Raw data >>
----------
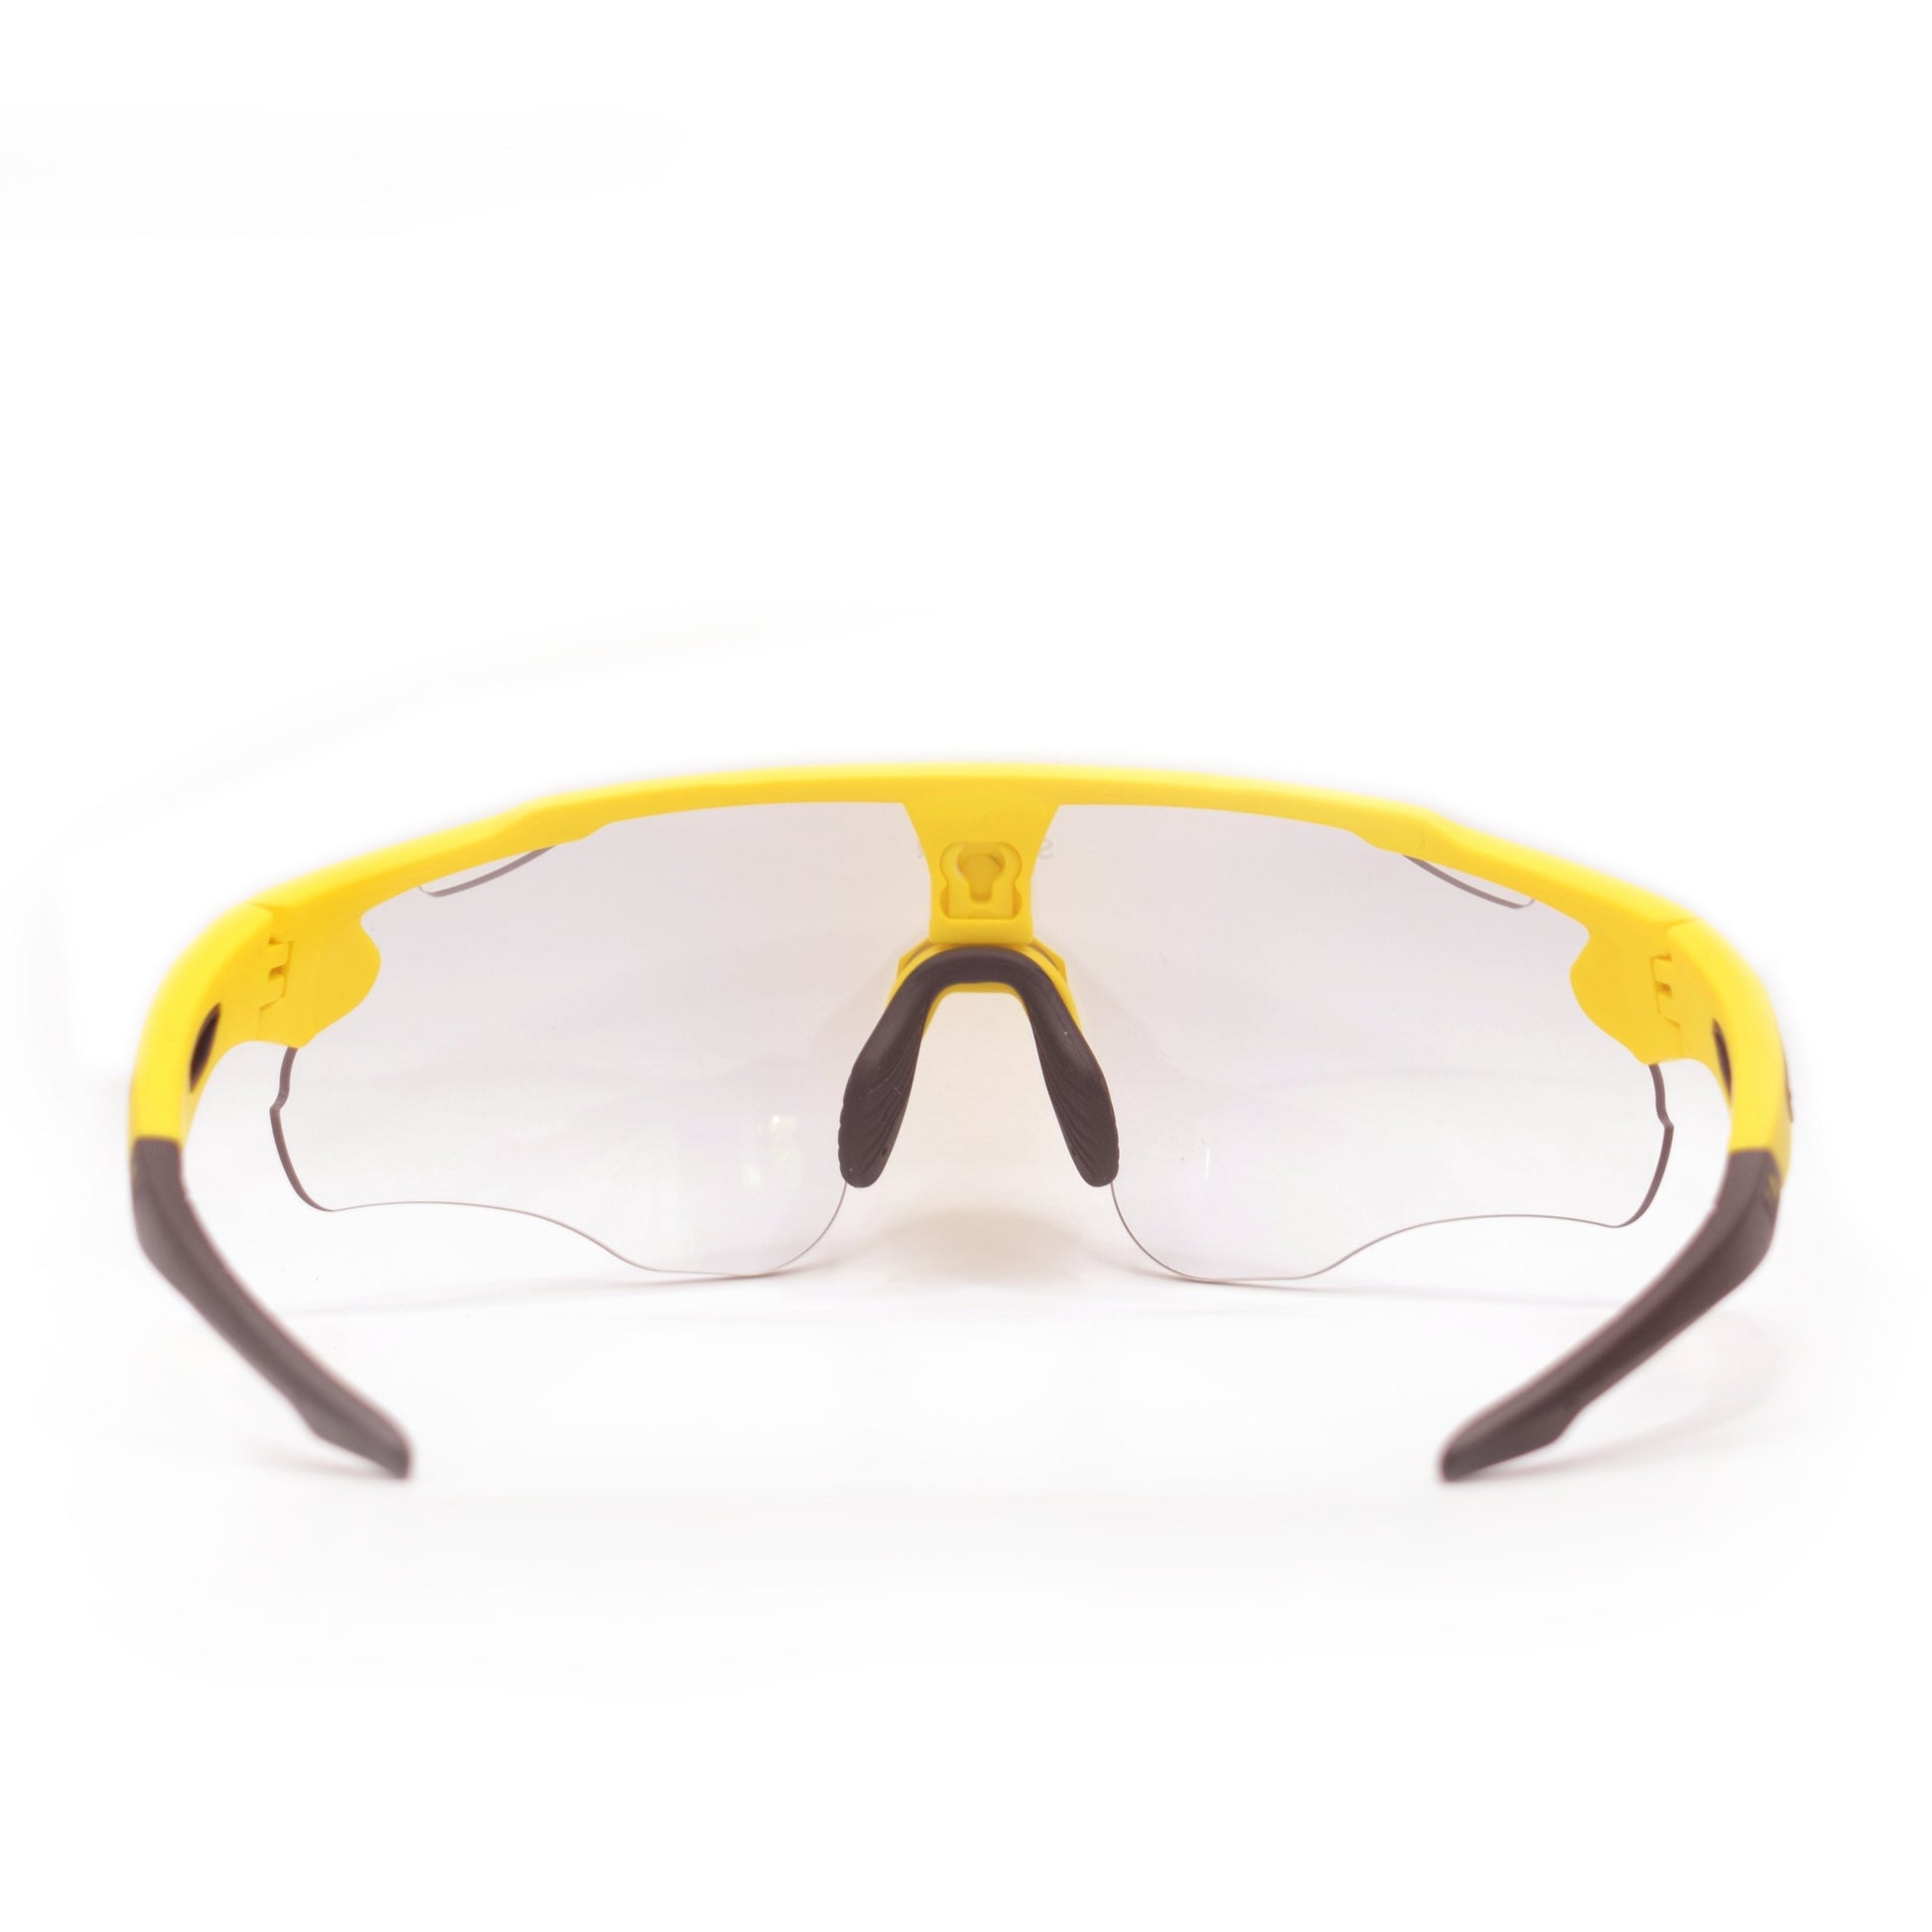 Helios Photochromic Cycling Glasses - Rear view
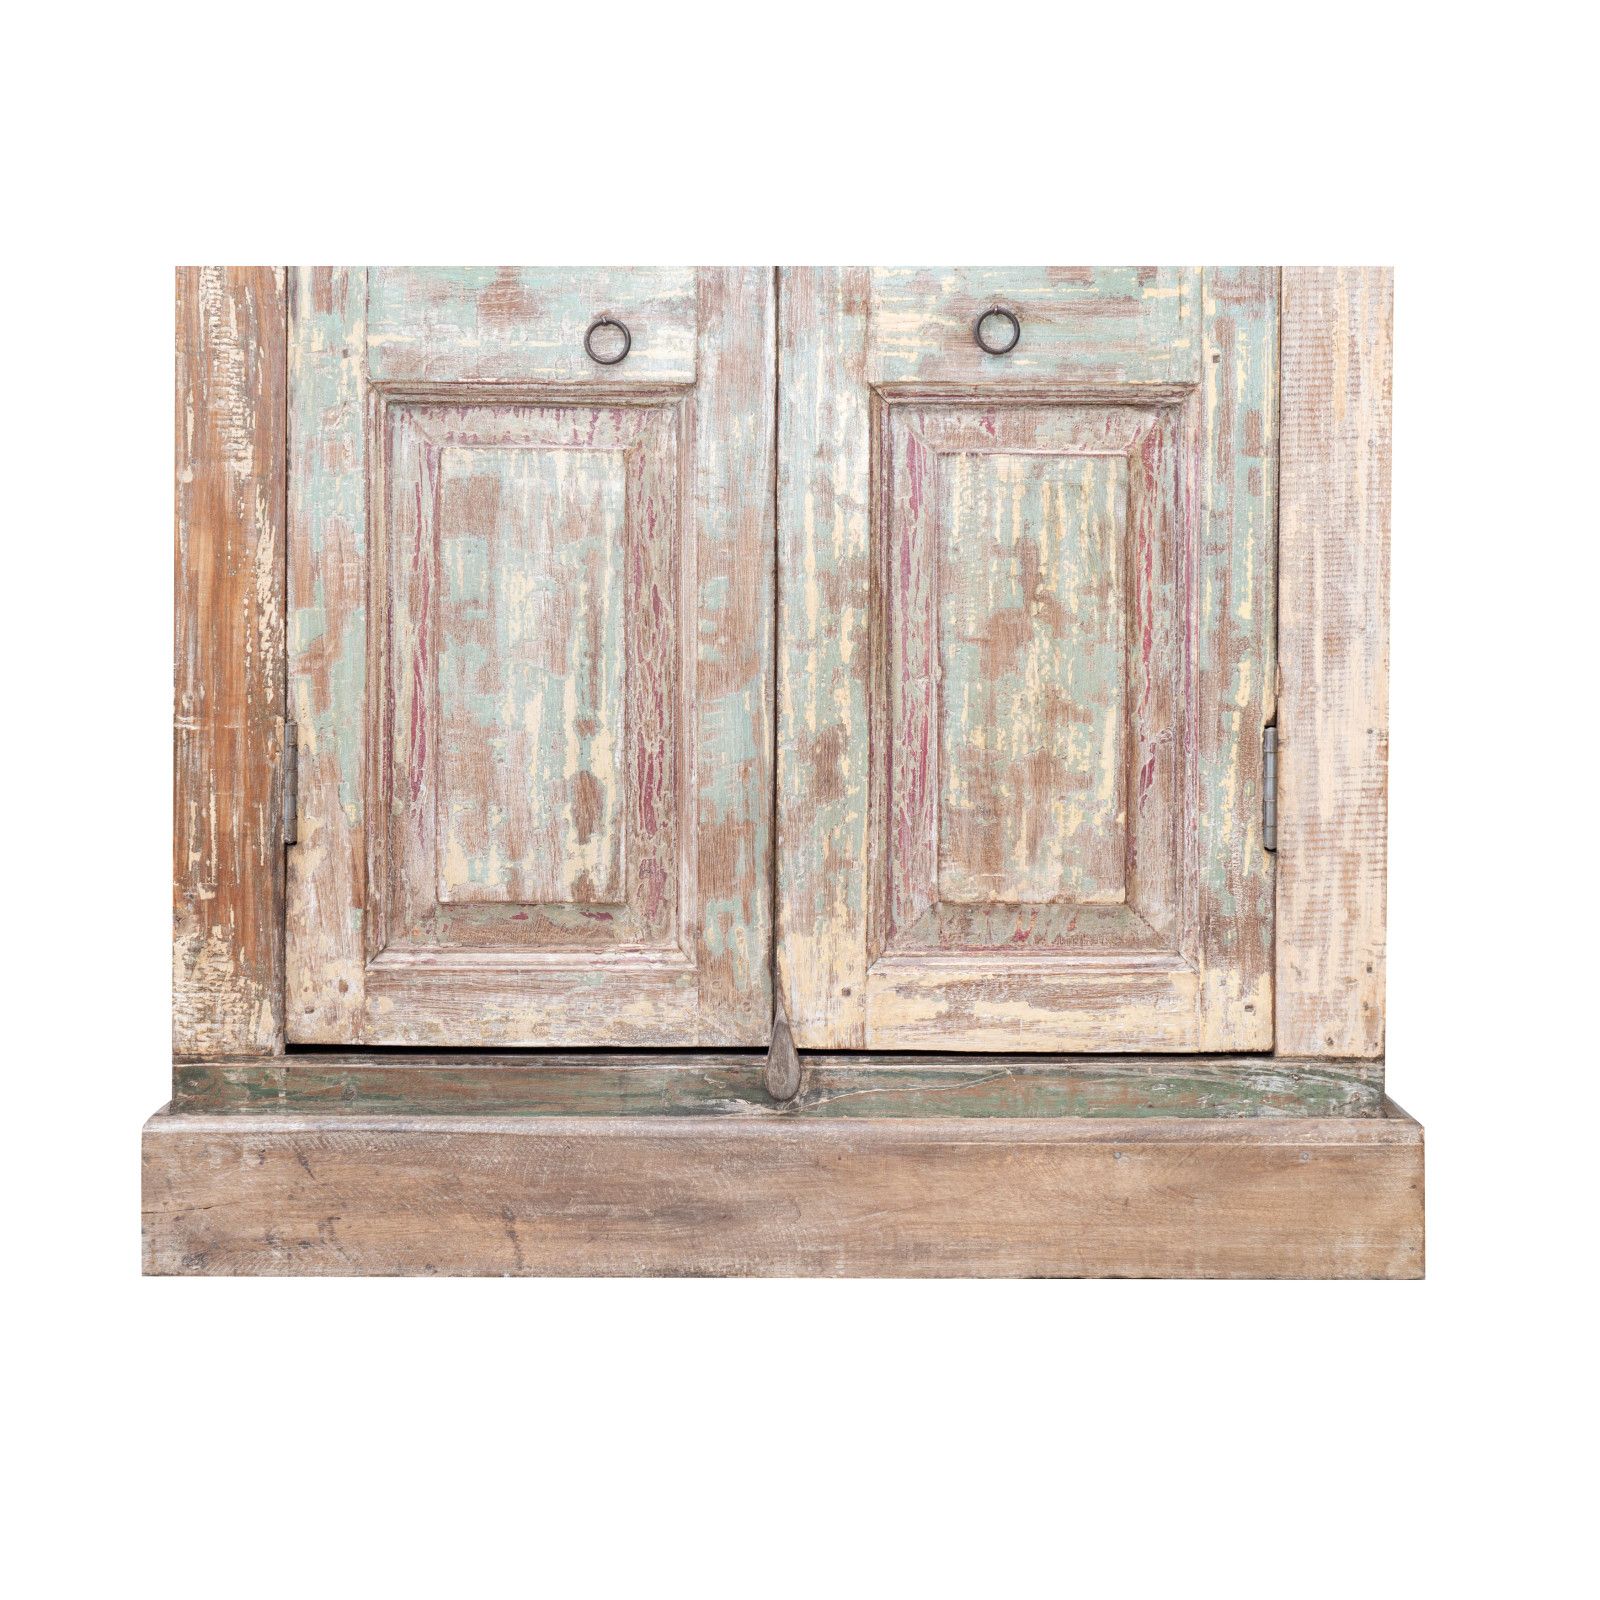 Well Known Antique Storage Sideboards With Doors Pertaining To Biscottini International Art Trading (View 8 of 10)
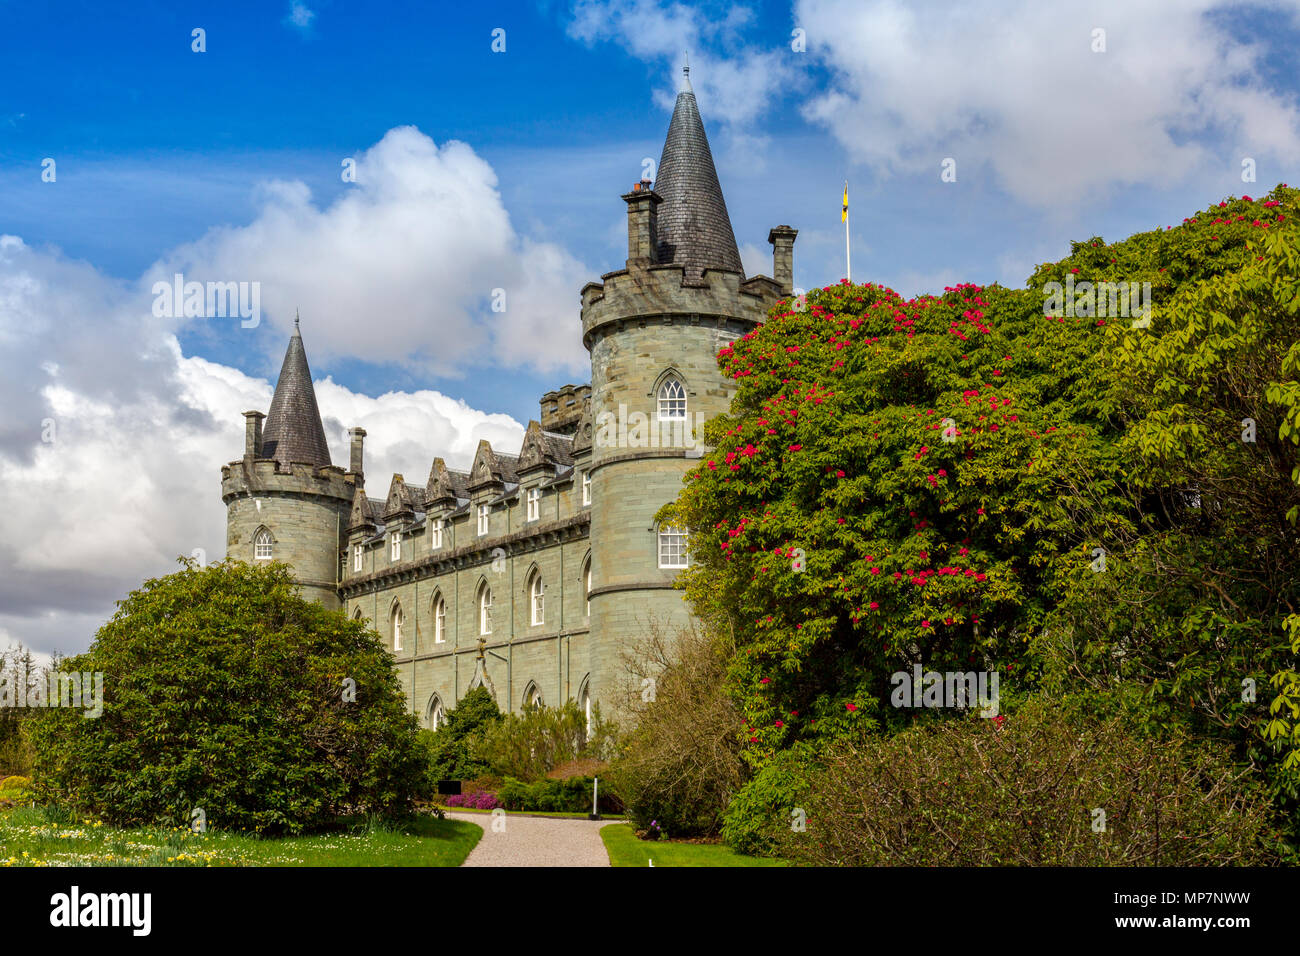 The historic turreted Inveraray Castle from 1789, seat of the Clan Campbell, stands on the shores of Loch Fyne, Argyll & Bute, Scotland, UK Stock Photo
----------
Exercise objective >>
Would you output the listing above verbatim, without its pictures?

Written solution >>
 Helios Photochromic Cycling Glasses - Rear view
 Well Known Antique Storage Sideboards With Doors Pertaining To Biscottini International Art Trading (View 8 of 10)
 The historic turreted Inveraray Castle from 1789, seat of the Clan Campbell, stands on the shores of Loch Fyne, Argyll & Bute, Scotland, UK Stock Photo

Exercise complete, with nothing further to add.